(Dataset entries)
/---
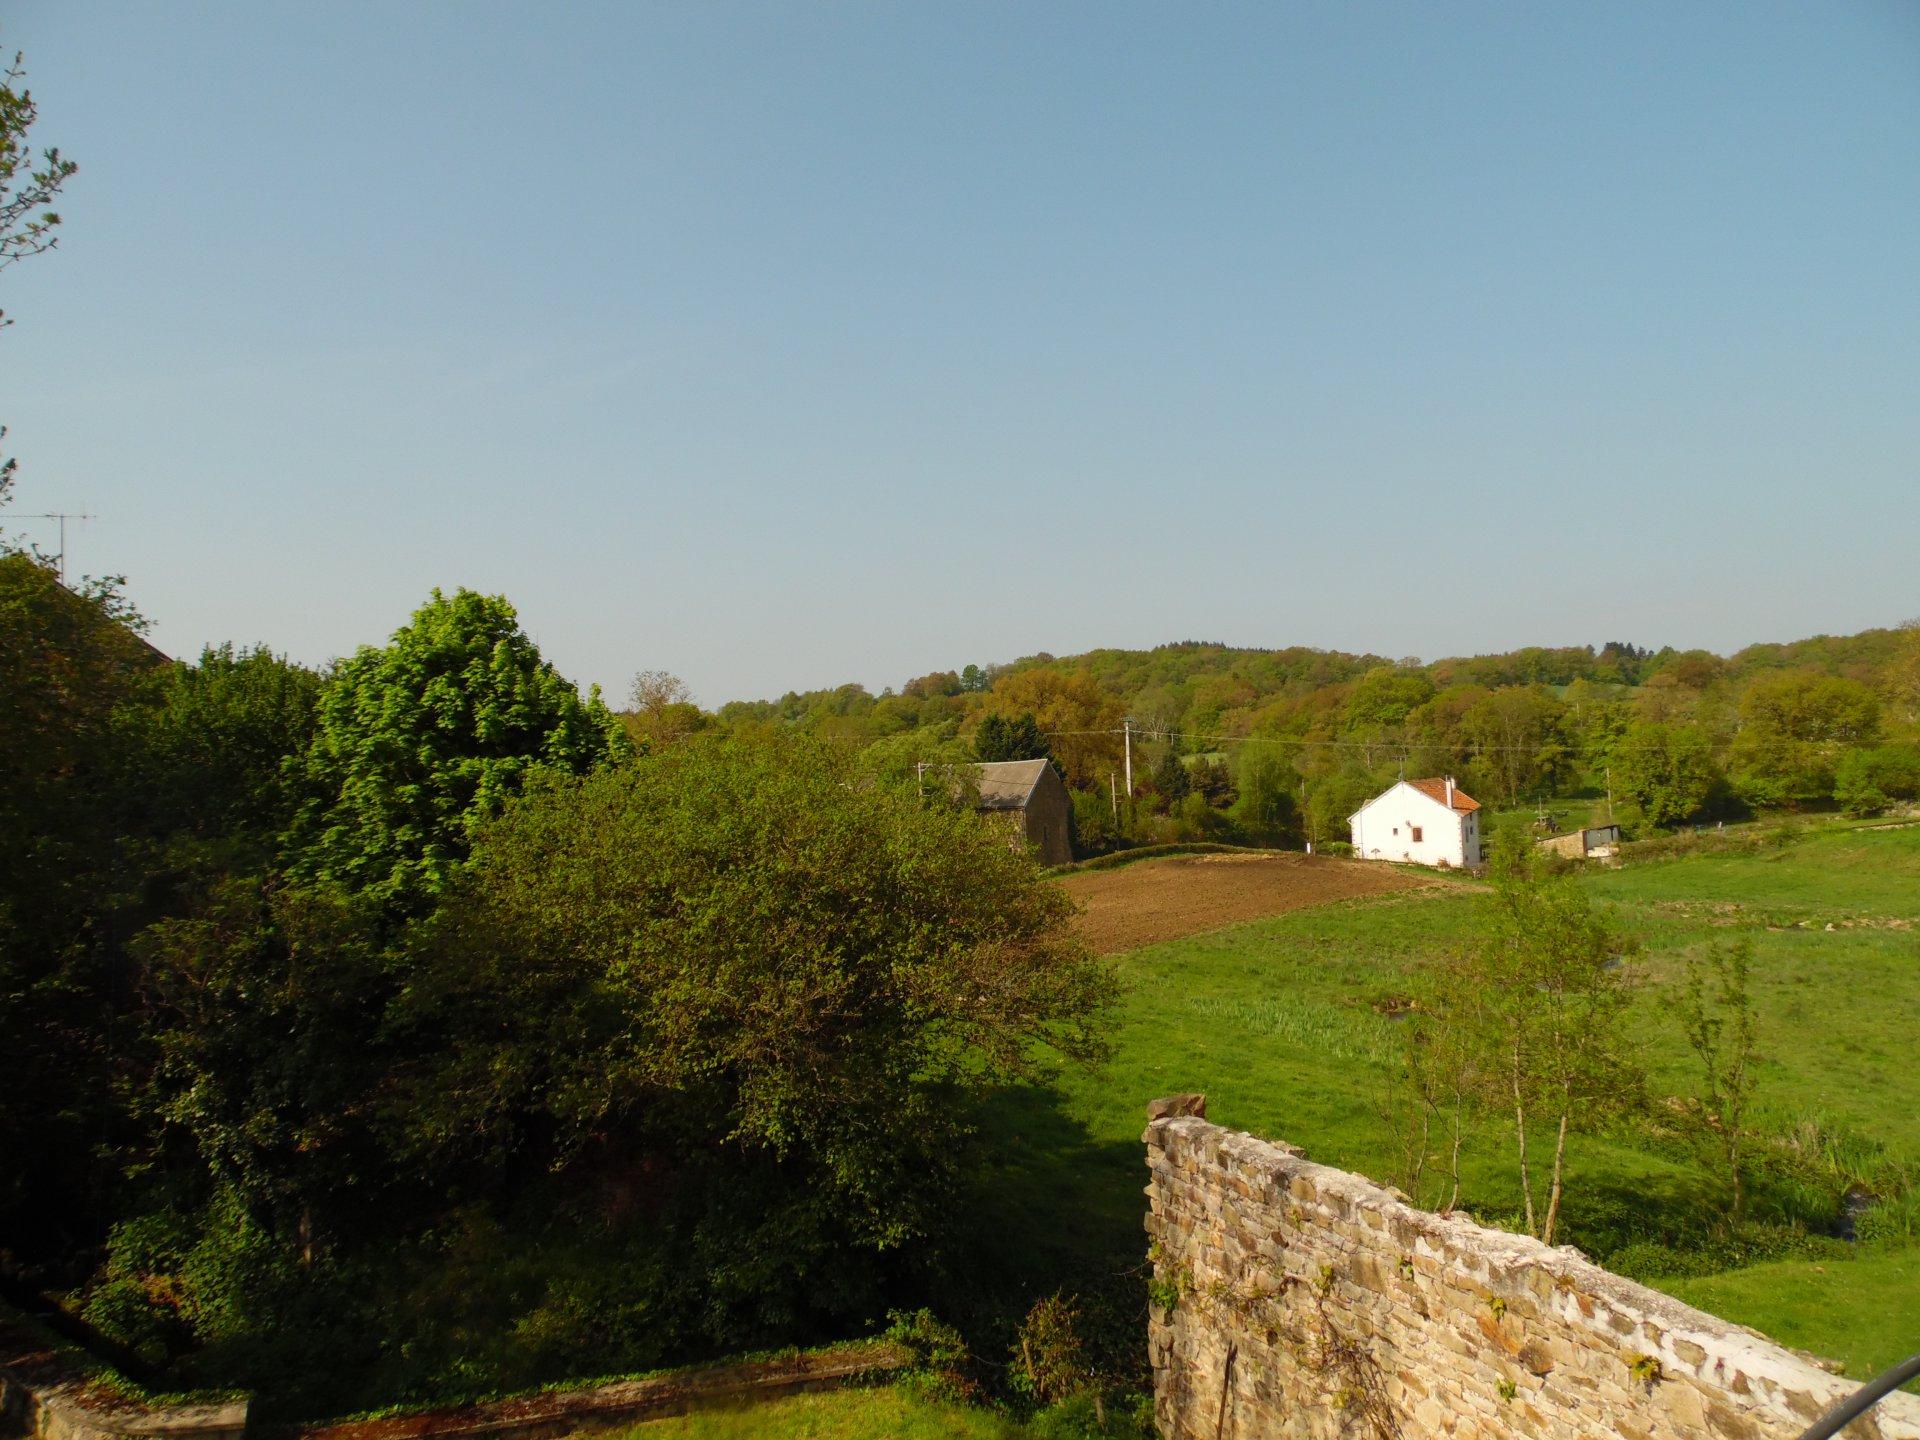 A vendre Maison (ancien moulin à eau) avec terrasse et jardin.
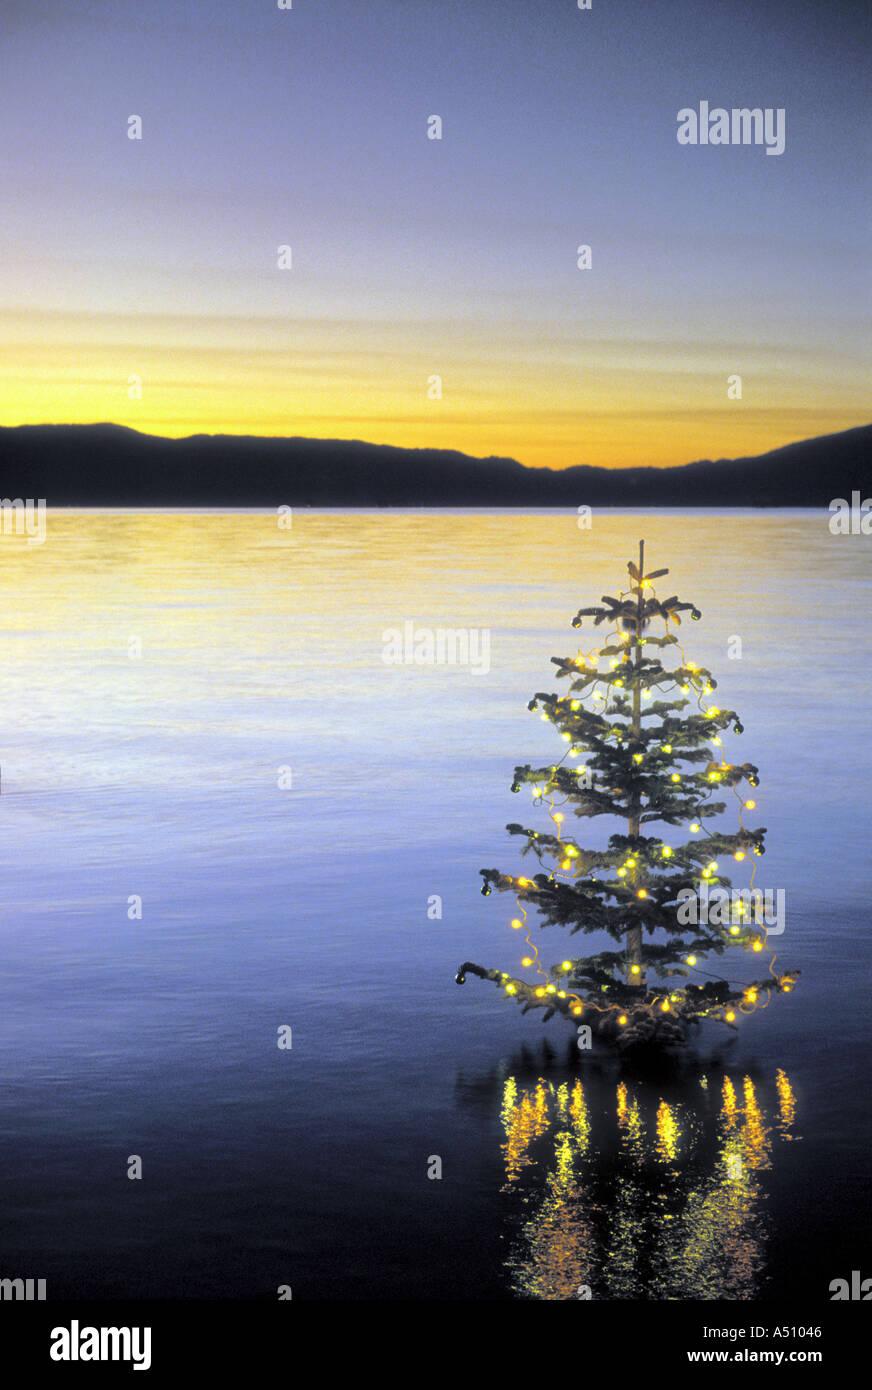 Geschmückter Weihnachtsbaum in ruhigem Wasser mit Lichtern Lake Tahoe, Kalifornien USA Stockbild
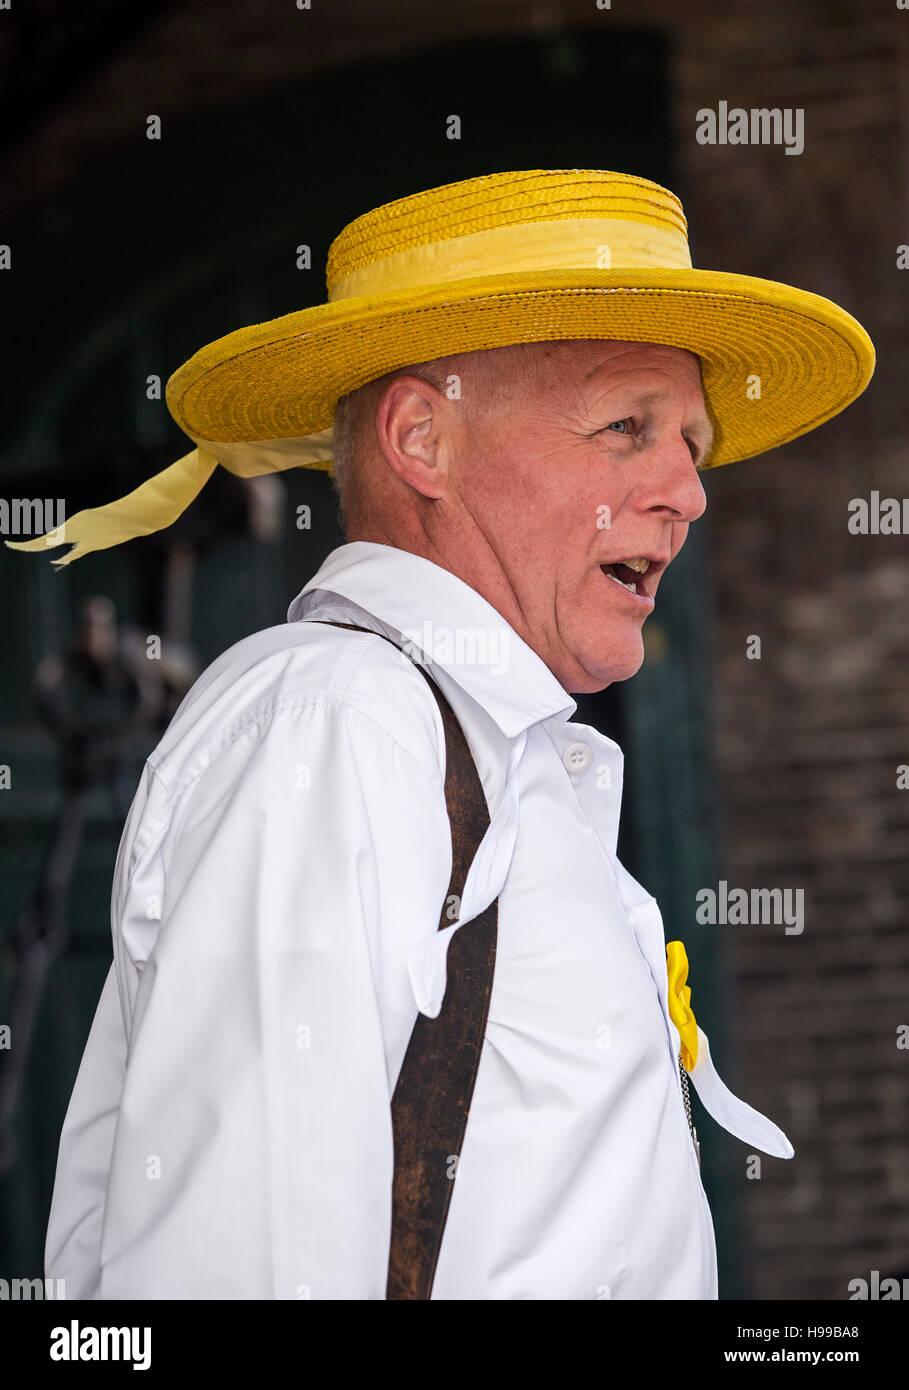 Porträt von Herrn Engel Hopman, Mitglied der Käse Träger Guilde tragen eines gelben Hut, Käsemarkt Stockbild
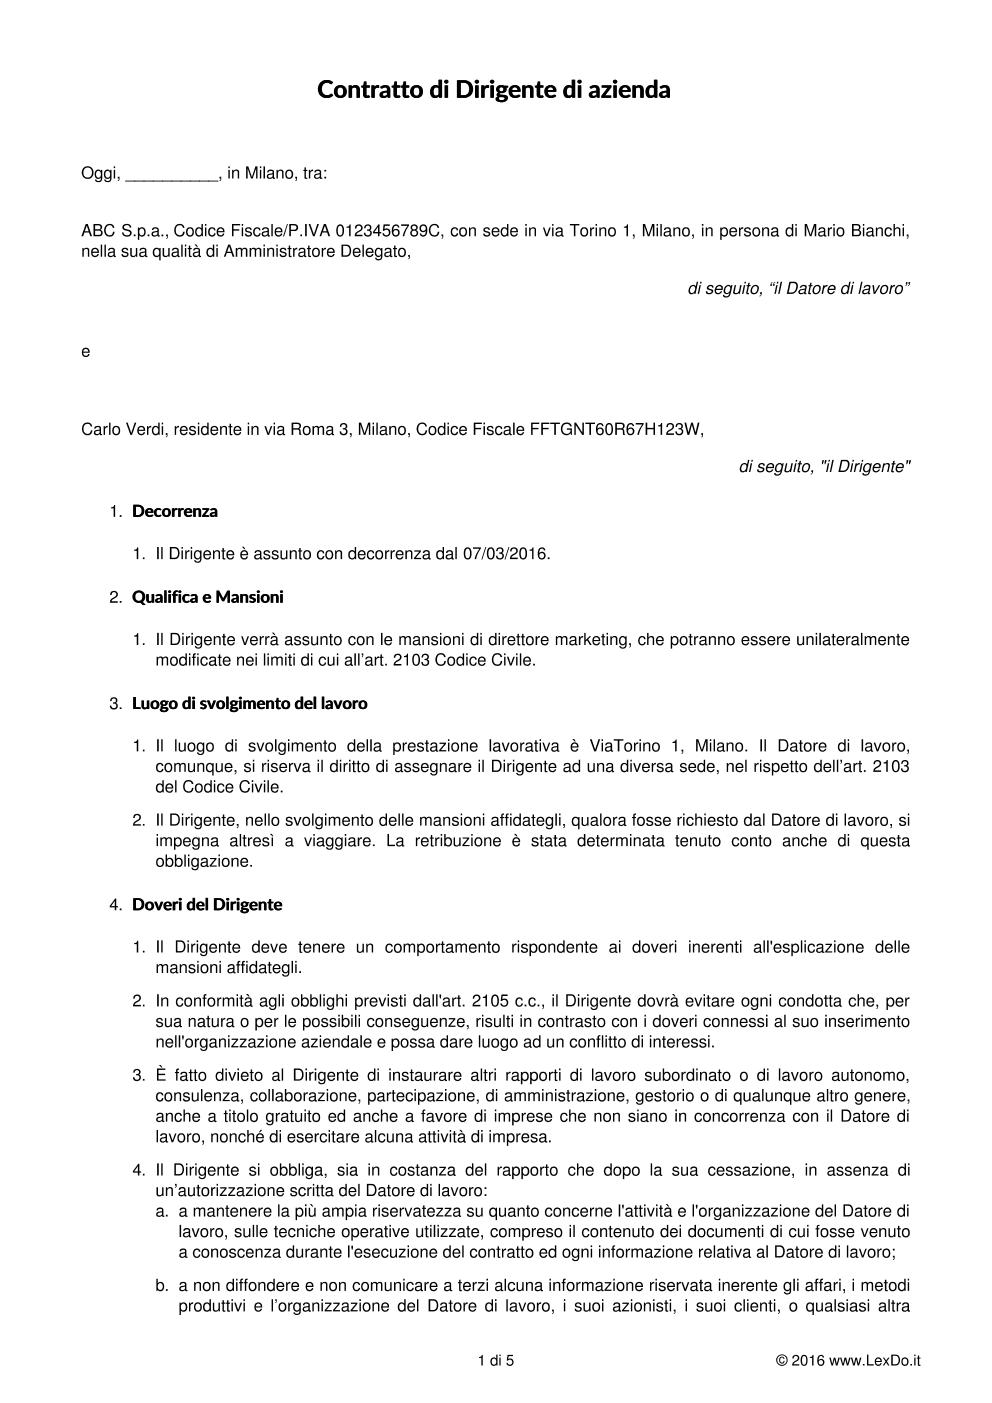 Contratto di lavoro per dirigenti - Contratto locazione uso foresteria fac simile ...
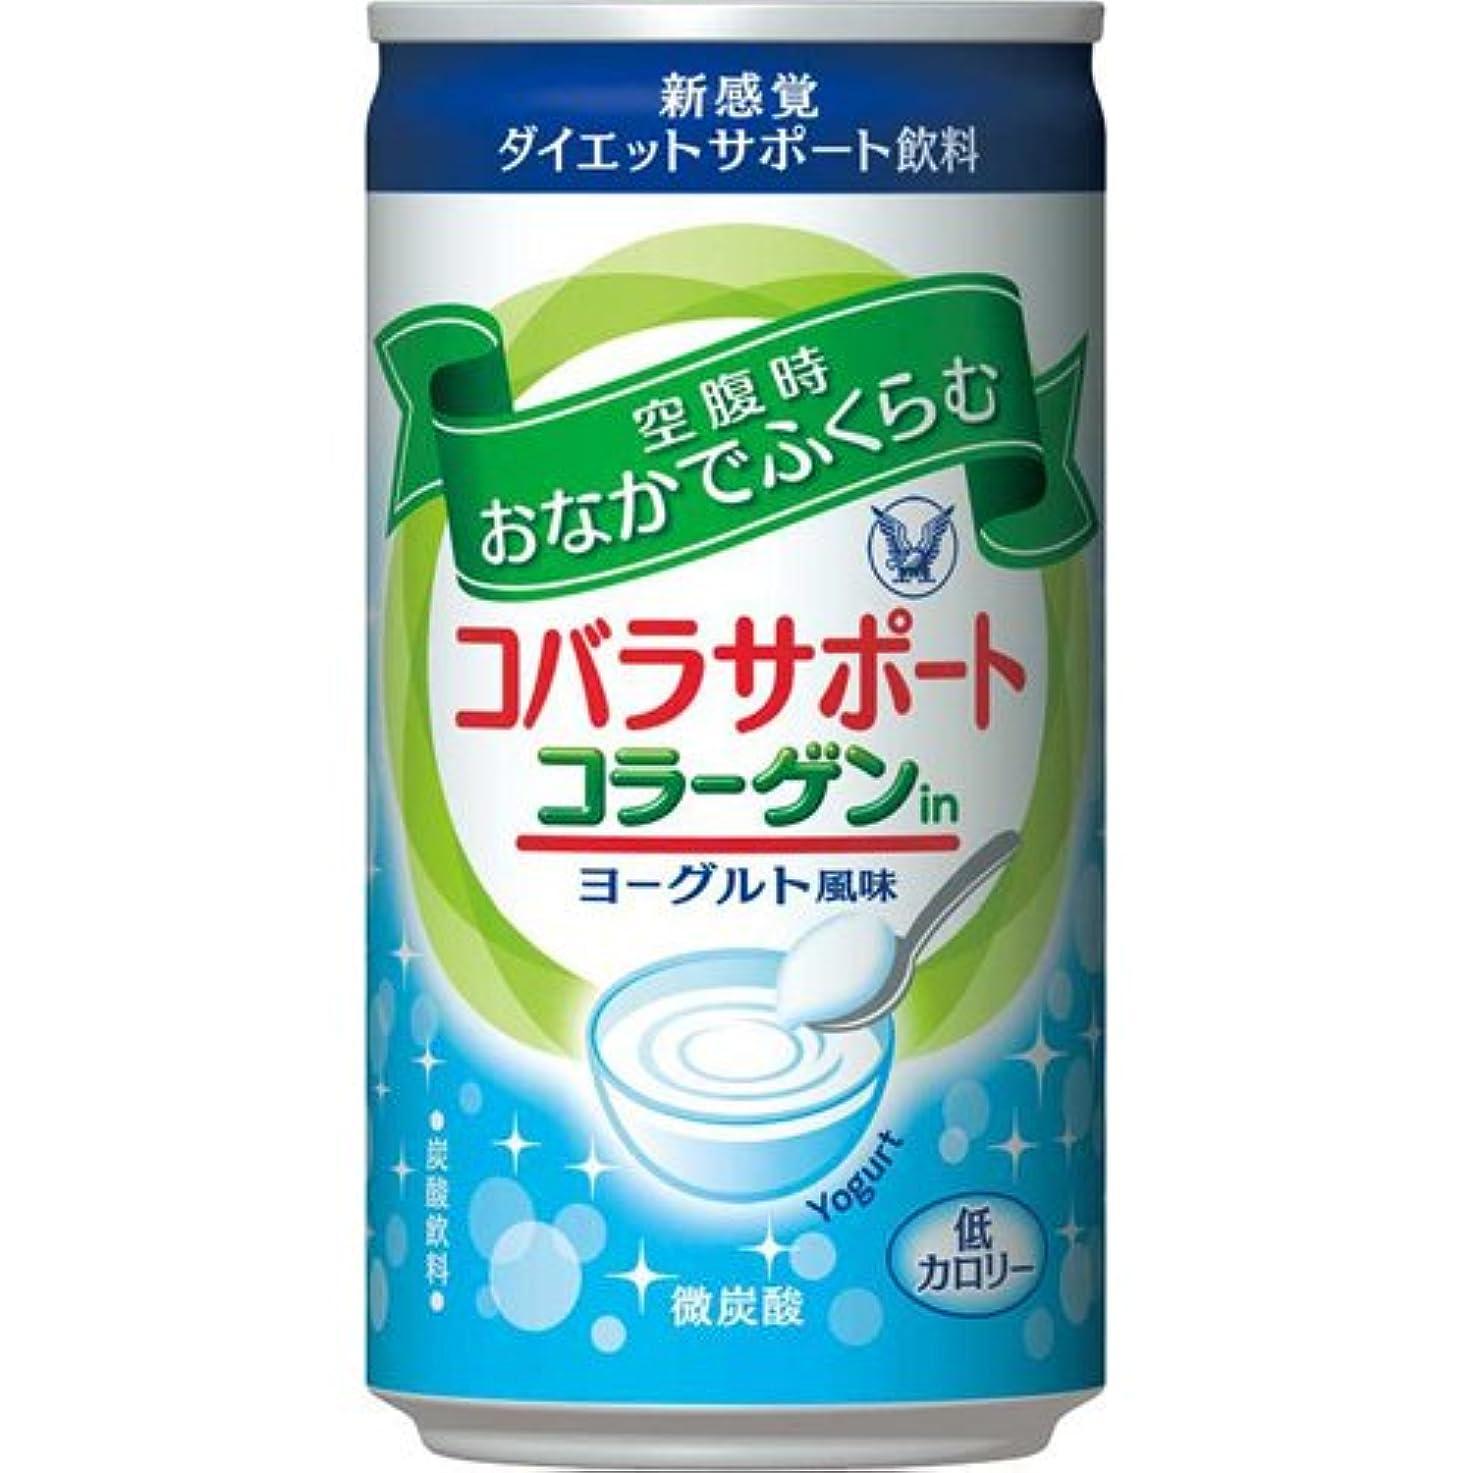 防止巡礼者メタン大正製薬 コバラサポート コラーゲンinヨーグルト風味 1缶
\---
▸ **What you should do**
Exactly as written, return each line above and leave the pictures behind.

▸ **Solved exercise**
 A vendre Maison (ancien moulin à eau) avec terrasse et jardin.
 Geschmückter Weihnachtsbaum in ruhigem Wasser mit Lichtern Lake Tahoe, Kalifornien USA Stockbild
 Porträt von Herrn Engel Hopman, Mitglied der Käse Träger Guilde tragen eines gelben Hut, Käsemarkt Stockbild
 Contratto di lavoro per dirigenti - Contratto locazione uso foresteria fac simile ...
 防止巡礼者メタン大正製薬 コバラサポート コラーゲンinヨーグルト風味 1缶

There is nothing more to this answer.